That was normal before the large platforms. A personal domain expired, a VPS was shut down, a developer passed away, and with them went the services they paid for. The web was once full of little software homes, and many of them are gone 1.
npm and the Dependency Explosion
The micro-dependency problem was not just that people published very small packages. The hosted infrastructure of GitHub and npm made it feel as if there was no cost to create, publish, discover, install, and depend on them.
In the pre-GitHub world, reputation and longevity were part of the dependency selection process almost by necessity, and it often required vendoring. Plenty of our early dependencies were just vendored into our own Subversion trees by default, in part because we could not even rely on other services being up when we needed them and because maintaining scripts that fetched them, in the pre-API days, was painful. The implied friction forced some reflection, and it resulted in different developer behavior. With npm-style ecosystems, the package graph can grow faster than anybody’s ability to reason about it.
The problem that this type of thinking created also meant that solutions had to be found along the way. GitHub helped compensate for the accountability problem and it helped with licensing. At one point, the newfound influx of developers and merged pull requests left a lot of open questions about what the state of licenses actually was. GitHub even attempted to rectify this with their terms of service.
The thinking for many years was that if I am going to depend on some tiny package, I at least want to see its repository. I want to see whether the maintainer exists, whether there are issues, whether there were recent changes, whether other projects use it, whether the code is what the package claims it is. GitHub became part of the system that provides trust, and more recently it has even become one of the few systems that can publish packages to npm and other registries with trusted publishing.

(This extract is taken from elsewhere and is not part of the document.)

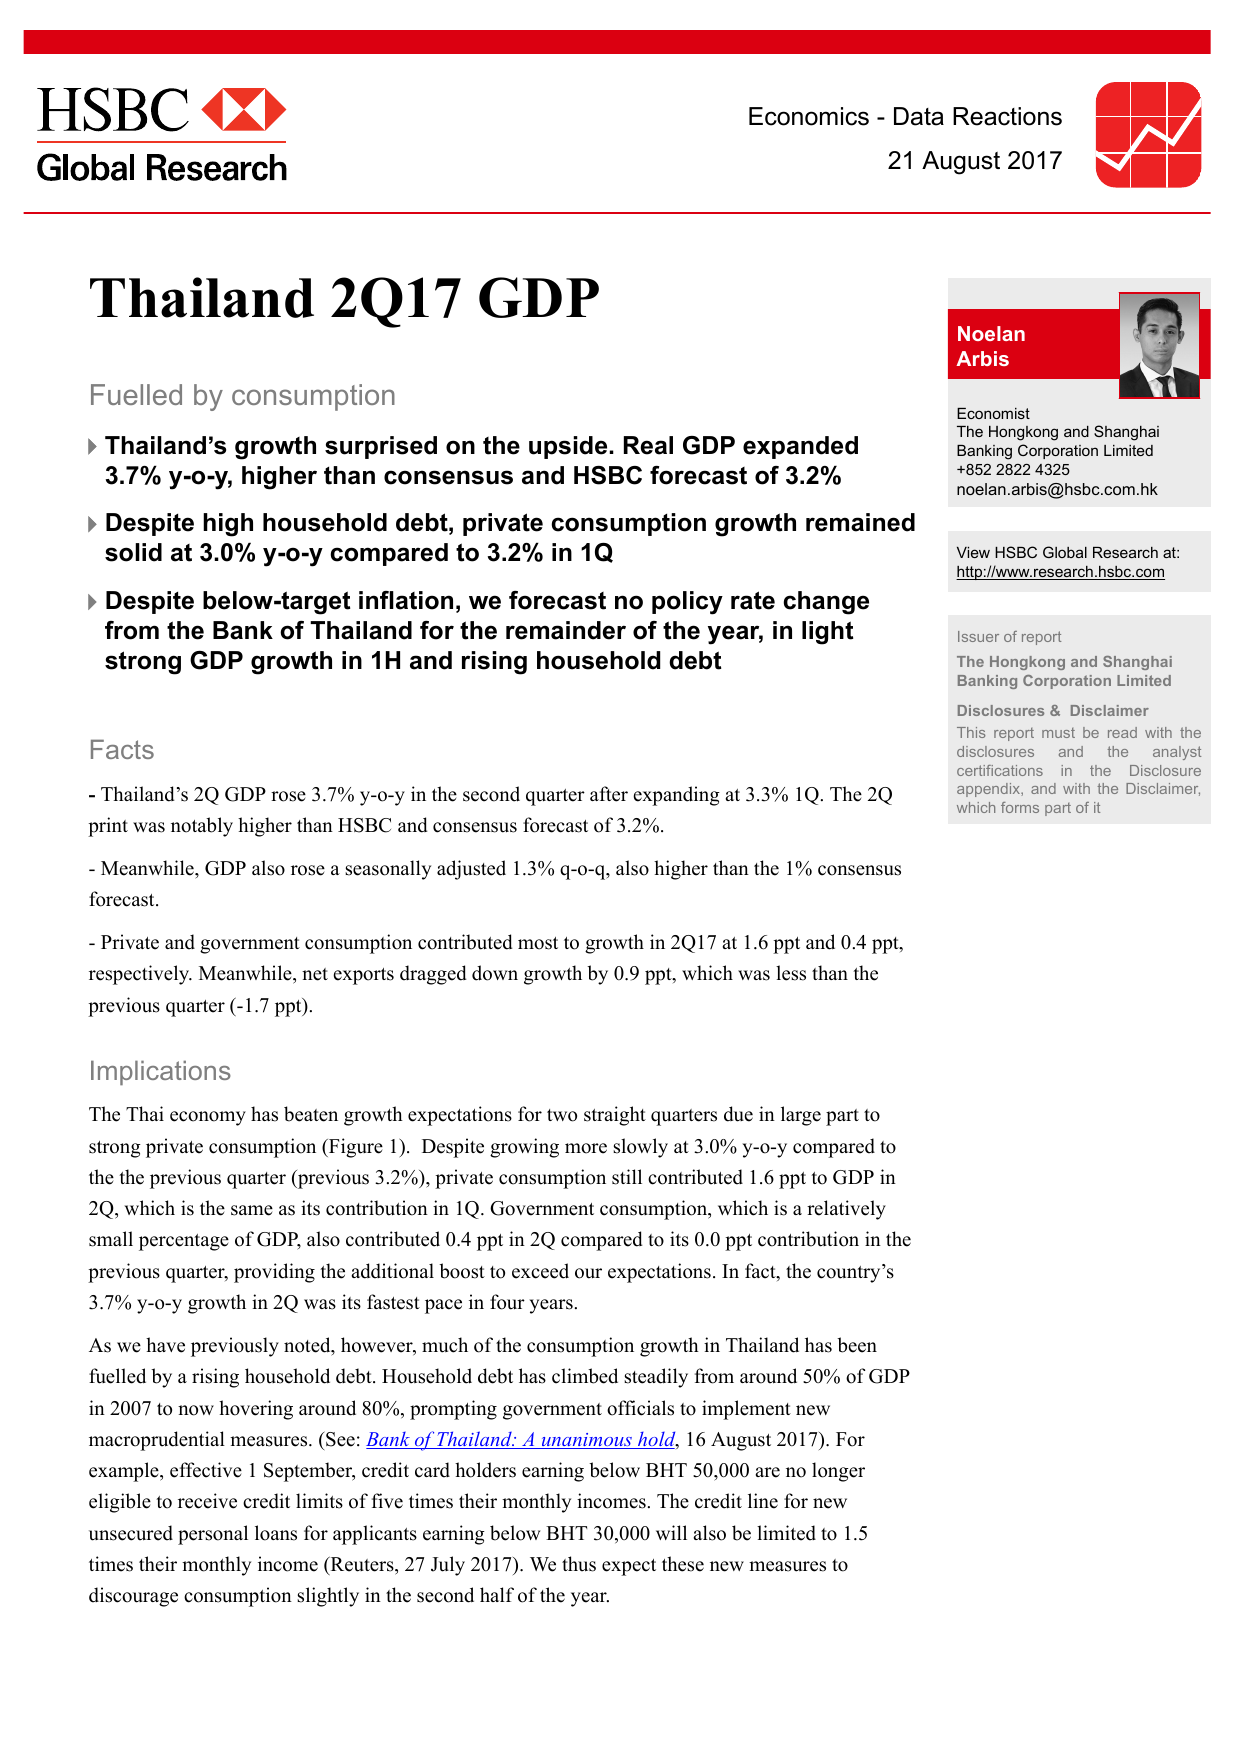 汇丰银行-东南亚-泰国宏观经济-泰国二季度国内生产总值受消费推动增长超预期-20170821-Thailand 2Q17 GDP Fuelled by consumption-20170821-HSBC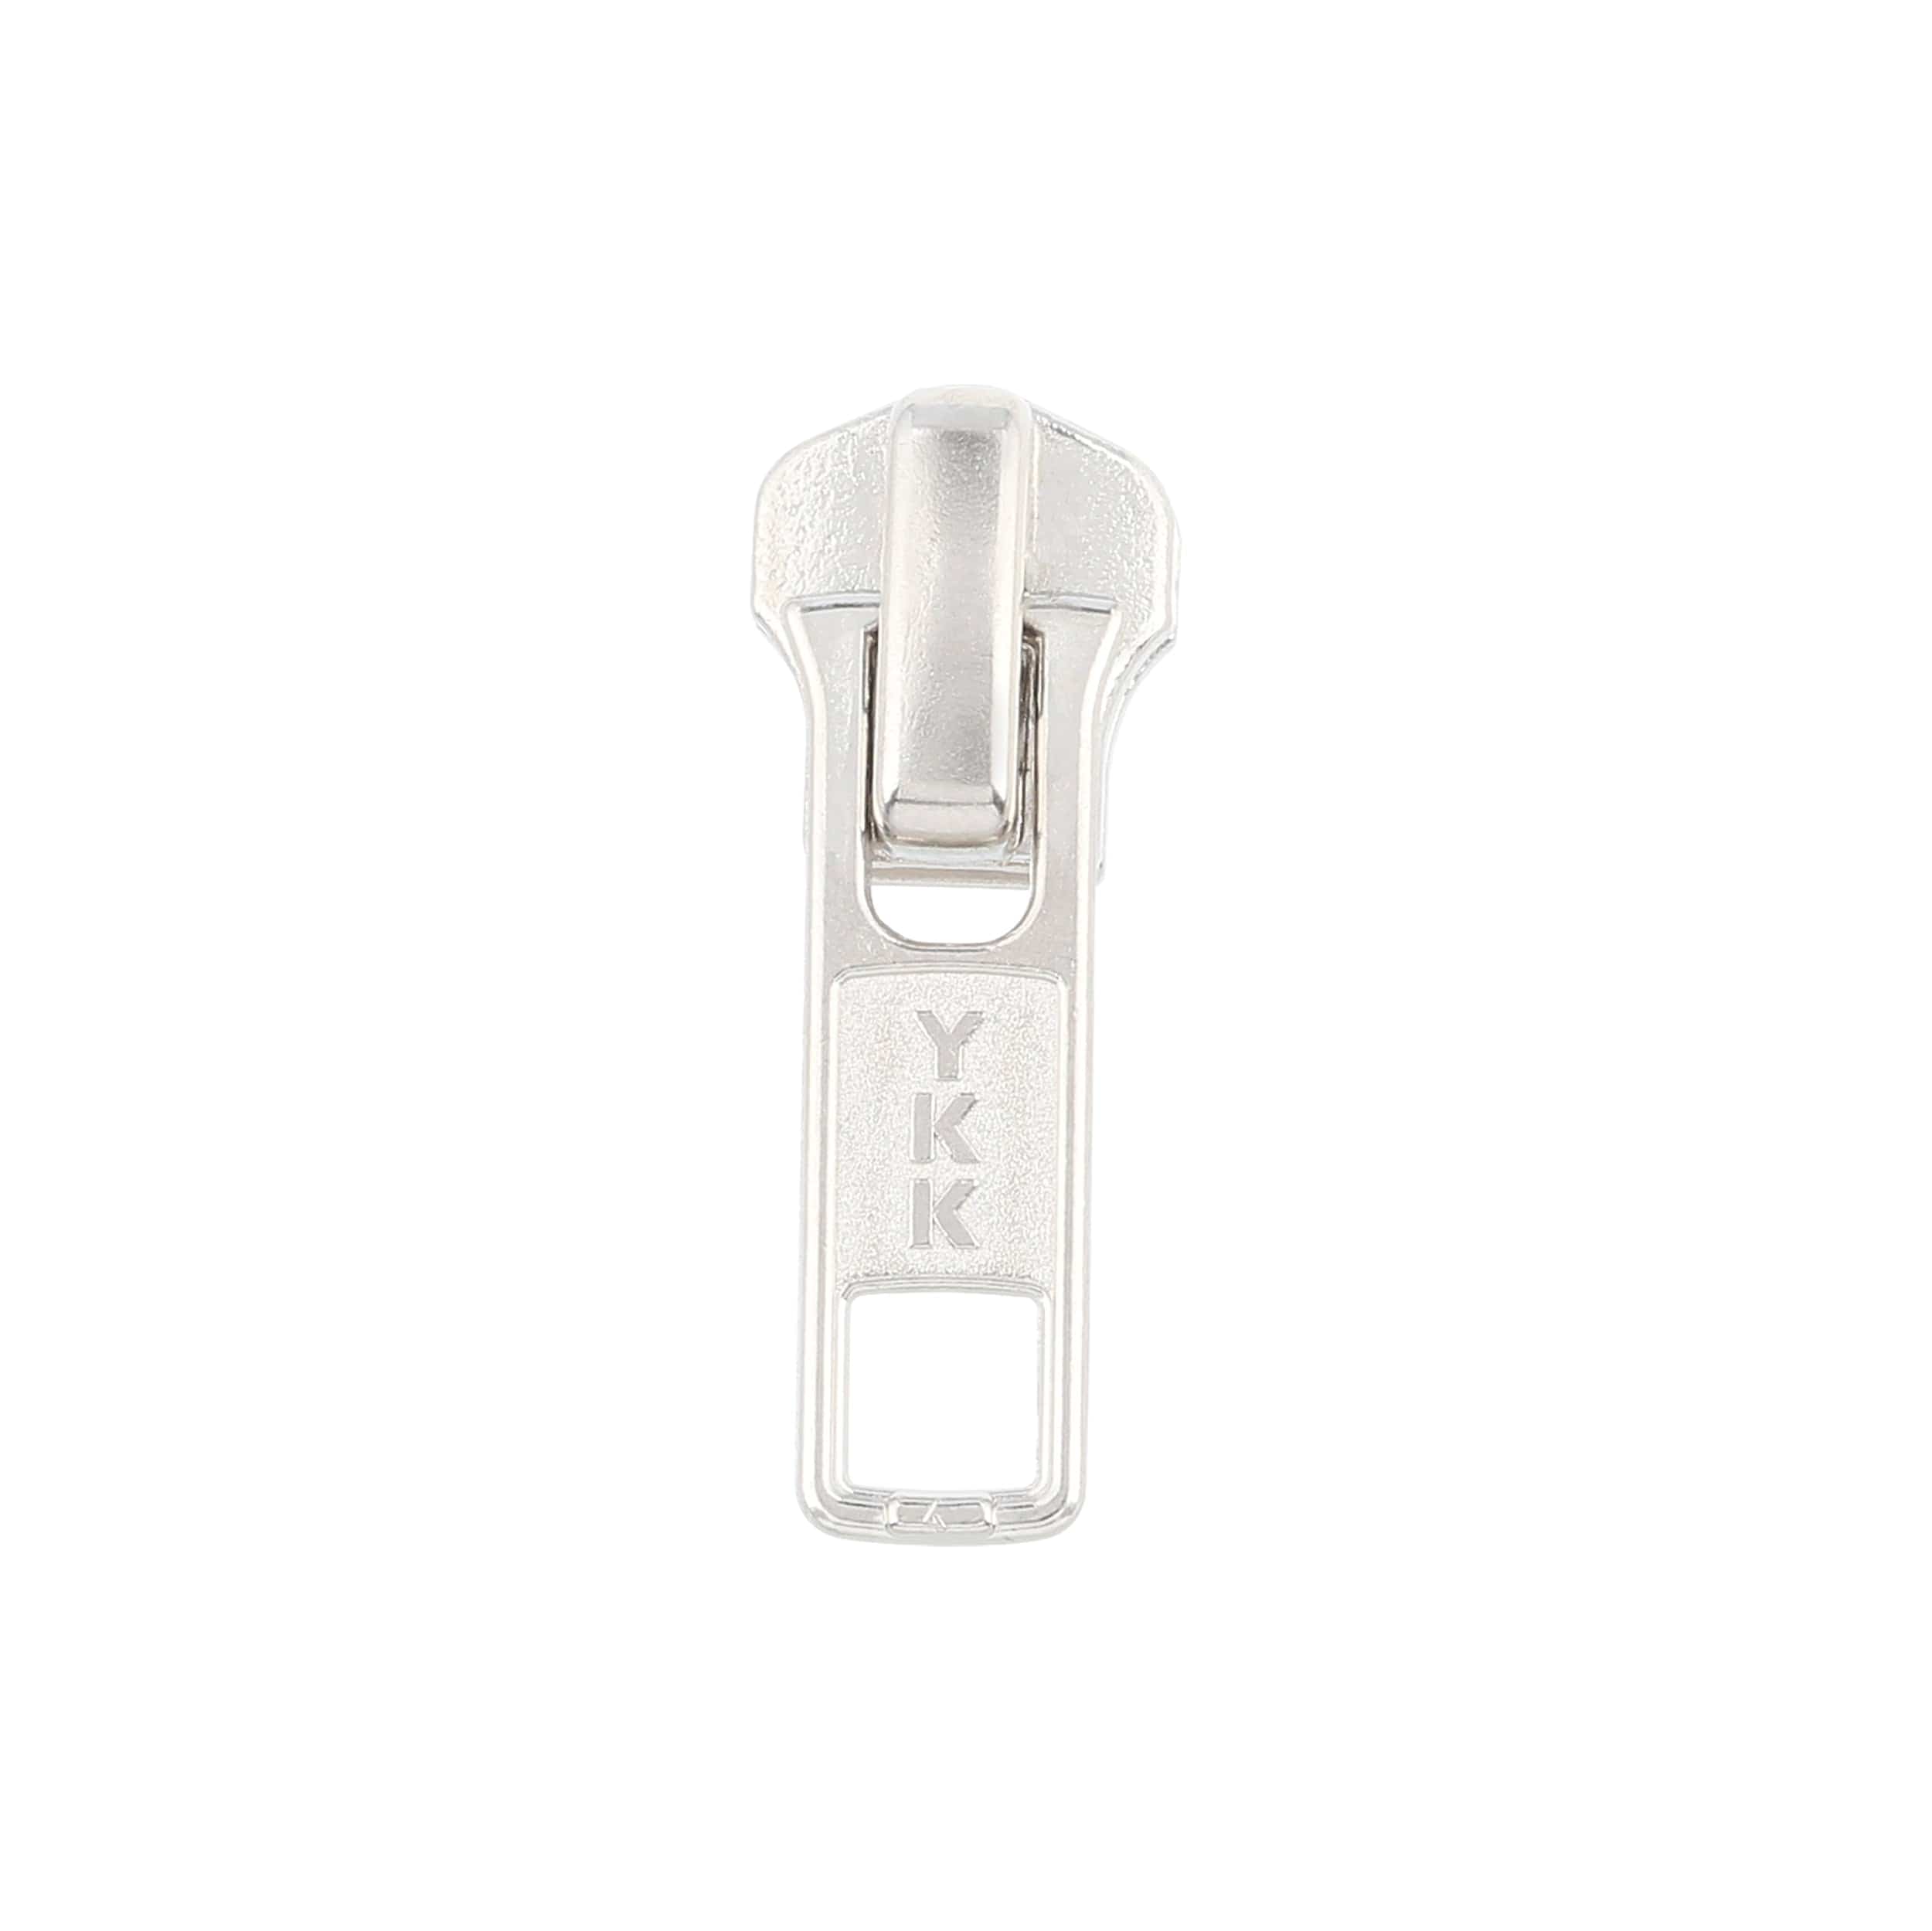 YKK Zipper Pulls, Water Resistant Zipper Sliders

That means when trust in GitHub erodes, the problem is not isolated to source hosting. It affects the whole supply chain culture that formed around it.
GitHub Is Slowly Dying
GitHub is currently losing some of what made it feel inevitable. Maybe that’s just the life and death of large centralized platforms: they always disappoint eventually. Right now people are tired of the instability, the product churn, the Copilot AI noise, the unclear leadership, and the feeling that the platform is no longer primarily designed for the community that made it valuable.
Obviously, GitHub also finds itself in the midst of the agentic coding revolution and that causes enormous pressure on the folks over there. But the site has no leadership! It’s a miracle that things are going as well as they are.
For a while, leaving GitHub felt like a symbolic move mostly made by smaller projects or by people with strong views about software freedom. I definitely cringed when Zig moved to Codeberg! But I now see people with real weight and signal talking about leaving GitHub. The most obvious one is Mitchell Hashimoto, who announced that Ghostty will move. Where it will move is not clear, but it’s a strong signal. But there are others, too. Strudel moved to Codeberg and so did Tenacity. Will they cause enough of a shift? Probably not, but I find myself on non-GitHub properties more frequently again compared to just a year ago.
One can argue that this is good: it is healthy for Open Source to stop pretending that one company should be the default home of everything. Git itself was designed for a world with many homes.
Dispersion Has a Cost
Going back to many forges, many servers, many small homes, and many independent communities will increase decentralization, and in many ways it will force systems to adapt. This can restore autonomy and make projects less dependent on the whims of Microsoft leadership. It can also allow different communities to choose different workflows. What’s happening in Pi‘s issue tracker currently is largely a result of GitHub’s product choices not working in the present-day world of Open Source. It was built for engagement, not for maintainer sanity.
It can also make the web forget again. I quite like software that forgets because it has a cleansing element. Maybe the real risk of loss will make us reflect more on actually taking advantage of a distributed version control system.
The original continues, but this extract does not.